Many specialized tools are used by expert designers, artists, and engineers working in different teams, organizations, or geographies, passing work around. Different data formats are stored all over the company. A visual effects pipeline can use 5 to 7 tools; each specializes in a certain aspect of the workflow, such as modeling, rigging, animation, or simulations. DNEG, an award-winning visual effects and animation studio, uses Autodesk Maya, SideFX Houdini, Adobe Substance 3D, and Foundry Nuke in their workflow. Just as the internet connects websites, Omniverse connects 3D worlds. Omniverse lets DNEG's creators bring in data from different tools in their full fidelity and collaborate interactively in a shared Omniverse world.

Teams can create a Custom 3D Pipeline to orchestrate and manage the complex workflow using simple out-of-the-box Omniverse tools. These Omniverse capabilities are valuable to nearly every industry. NVIDIA RacerX was created by 30 artists, using 11 tools collaborating across 12 time zones, and done in only 3 months.

The team used Omniverse to connect and collaborate and created a Custom 3D Pipeline to orchestrate and manage their work. The architectural design process commonly uses apps like Revit, Rhino, SketchUp, ArchiCAD, and 3ds Max. KPF, an award-winning architectural design firm connects architects, designers, and clients in Omniverse.

Clients can review progress by interacting with a full-fidelity and photo-realistically rendered model. Auto and other physical product makers commonly use Siemens, Autodesk, Ansys, and PTC tools. GM is creating a digital twin of their Michigan Design Studio in Omniverse where designers, engineers, and marketers can collaborate. Omniverse gives them a single source of truth that is physically simulated and faithfully rendered. Omniverse is a virtual world used to design, build, and operate things in the physical world. In the future, everything made will have a digital twin, used by the makers to emulate the behavior and performance of a product in the physical world.

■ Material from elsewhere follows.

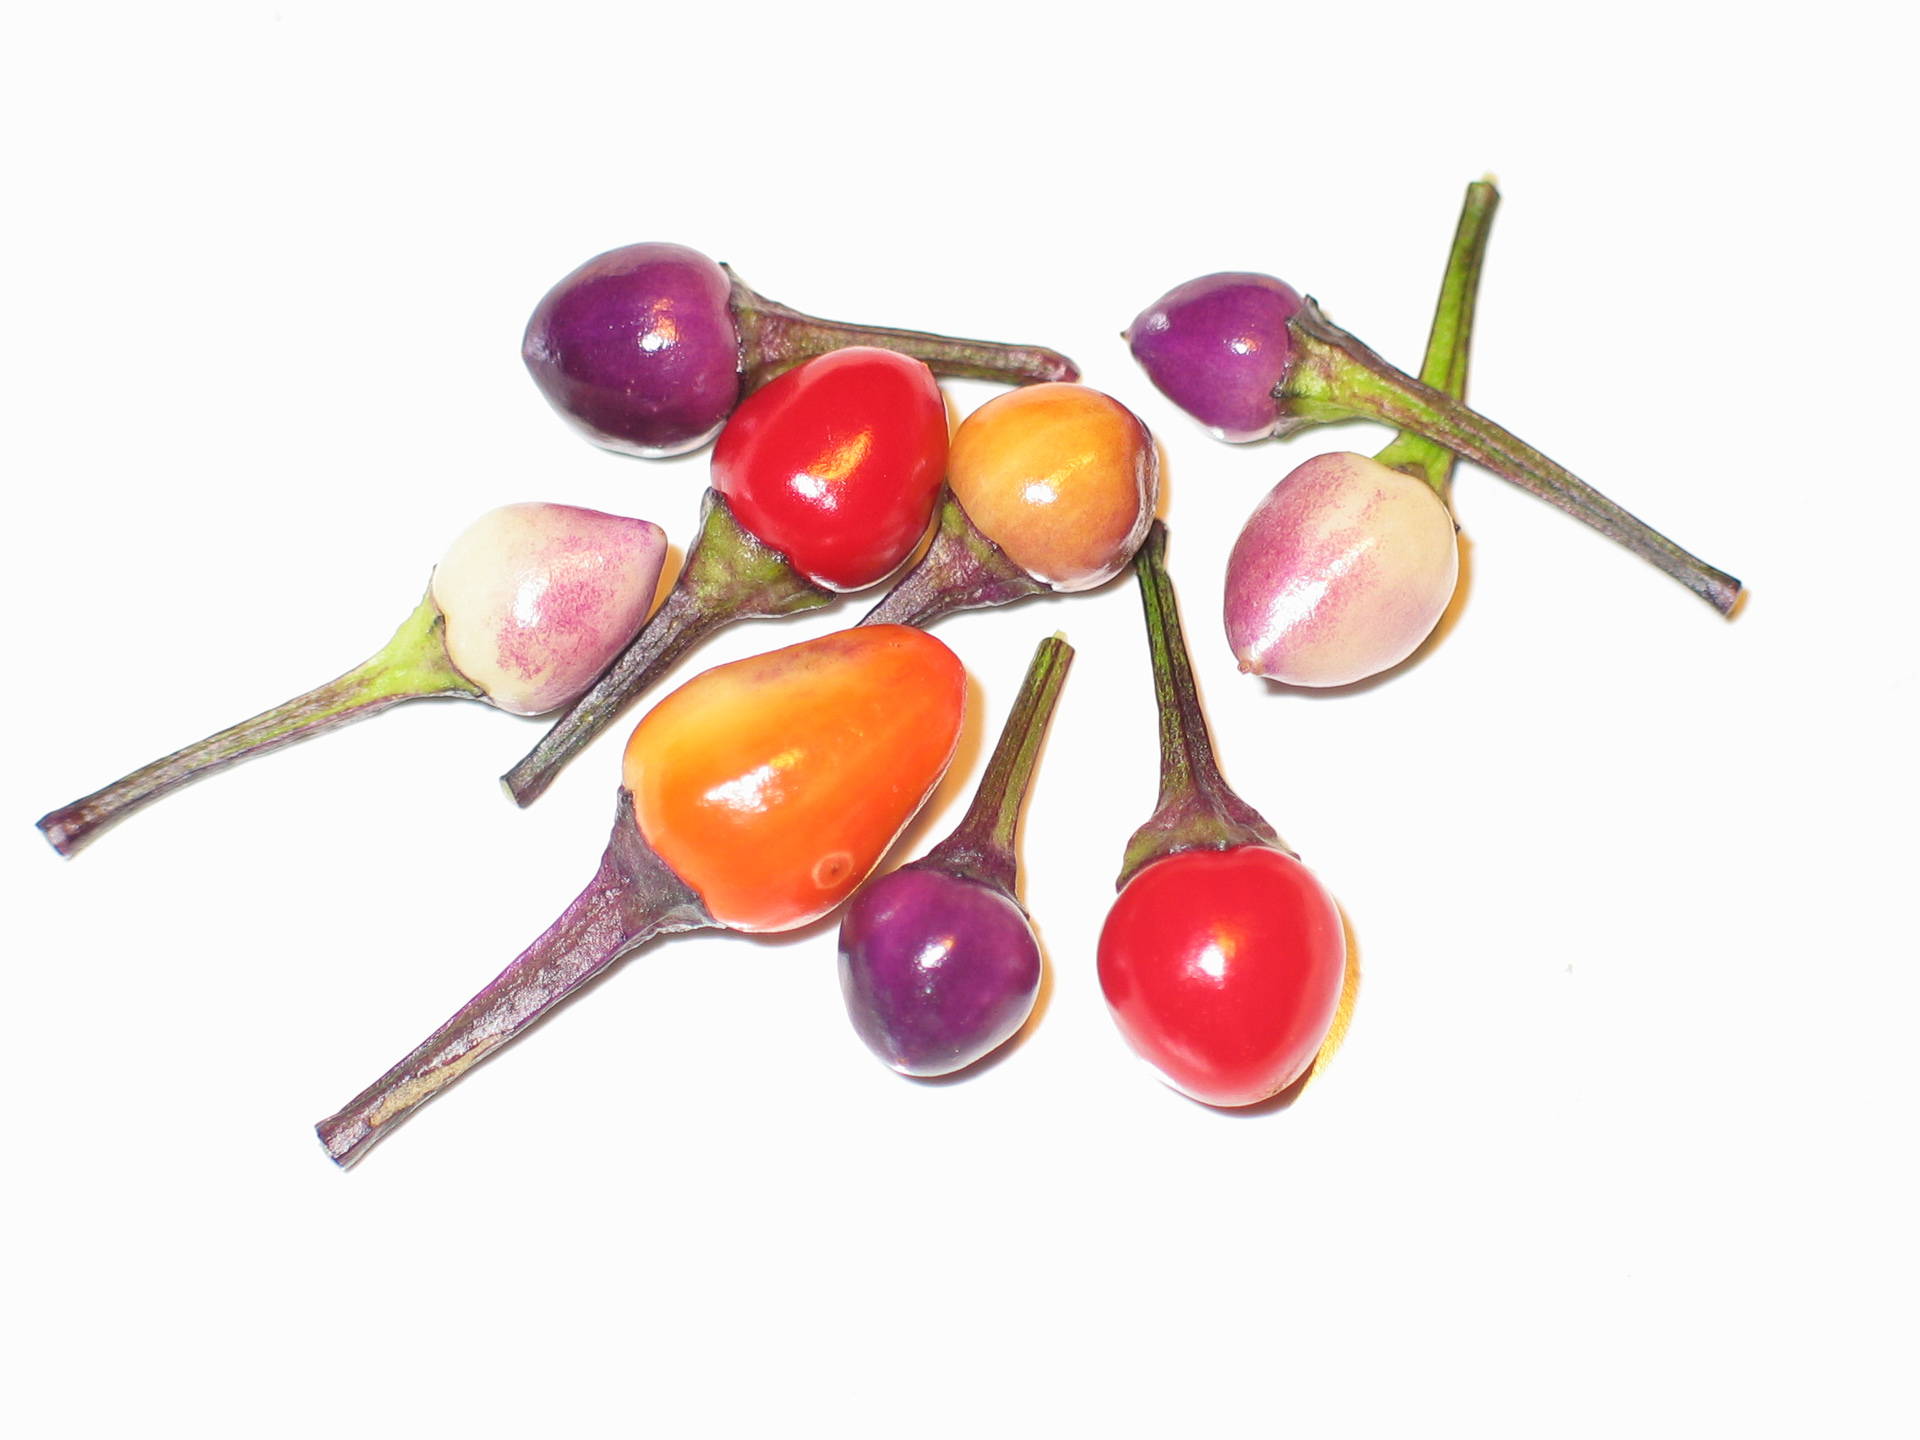 Pimenta - Capsicum chinense - Chilisorte

No physical product operated by software can be deployed in large numbers without testing the software on its digital twin. Let me give you some examples. Telcos will deploy millions of 5G microcells and towers over the next 5 years. Optimizing the placement and operations of new and existing cells and towers can save billions for the 2 trillion dollar telecom industry. Charter, a $50 billion dollar telecommunications provider and HeavyAI, a super cool interactive data analytics platform company, are using Omniverse to create digital twins of their 4 and 5G networks at metro and nationwide scales.

HeavyAI uses Omniverse to combine multi-billion-point LIDAR scans, satellite imagery, buildings, trees, and surroundings and their RF propagation model to simulate the performance of Charter's radio network in real time. Lowe's is one of the world's largest home improvement retailers with over 2,000 stores and 300,000 retail associates. Lowe's is using Omniverse to design, build, and operate digital twins of their stores to optimize operations and enhance the shopping experience.

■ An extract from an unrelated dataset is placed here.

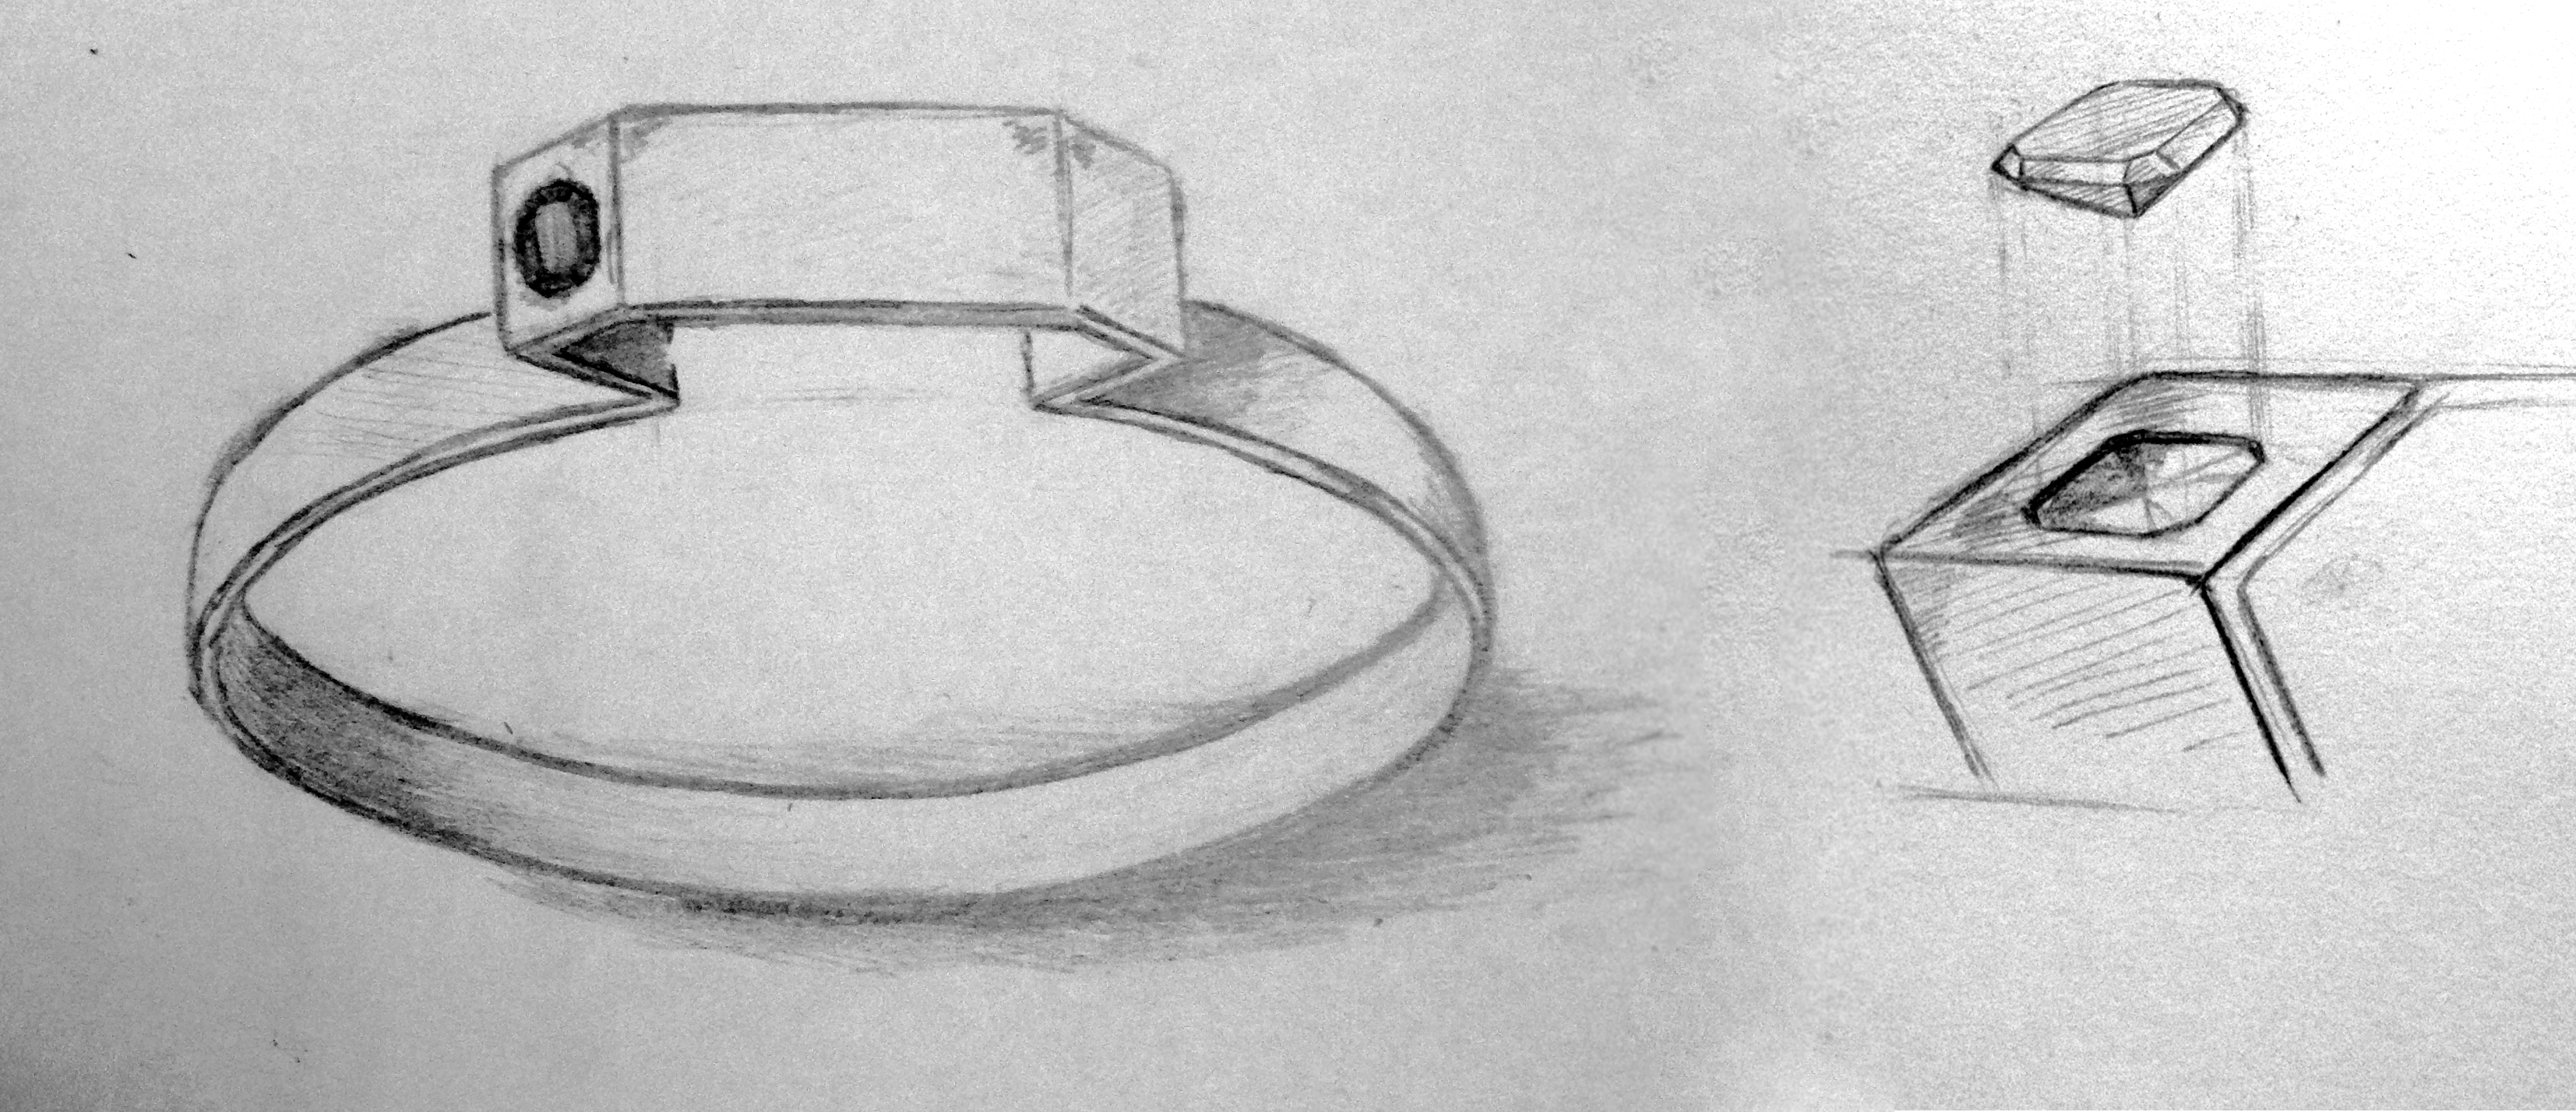 Эскиз ювелирного изделия - кольцо с камнем.

And with the amazing Magic Leap 2 headset connected to Omniverse, associates can enter a mixed physical and Omniverse world to explore new store designs. The $300 billion-dollar global railroad market helps move the world a critical part of the global supply chain. Deutsche Bahn, the national railway company of Germany uses Omniverse to build and operate a digital twin of 5,700 stations and 33,000 km of track. Omniverse is also used to train AI models that can continuously monitor the railways and trains and recognize hazards and situations that can affect network operations.

Deutsche Bahn expects to increase capacity and efficiency of the railway, and reduce its carbon footprint without building new tracks. Each of these stories are amazing. Be sure to check their videos on the NVIDIA homepage. There are many great examples of how companies use Omniverse to create digital twins of factories, logistics warehouses, automated manufacturing lines, and industrial plants. Let's take a look. Connections to Omniverse are growing fast.

There are already 150 connectors to Omniverse. These are the tools and platforms used by the world's $100 trillion industries. These connectors open Omniverse to companies that span the largest industries from retail, transportation, telecommunications, manufacturing, media and entertainment, consumer and luxury goods, to supply chain and logistics.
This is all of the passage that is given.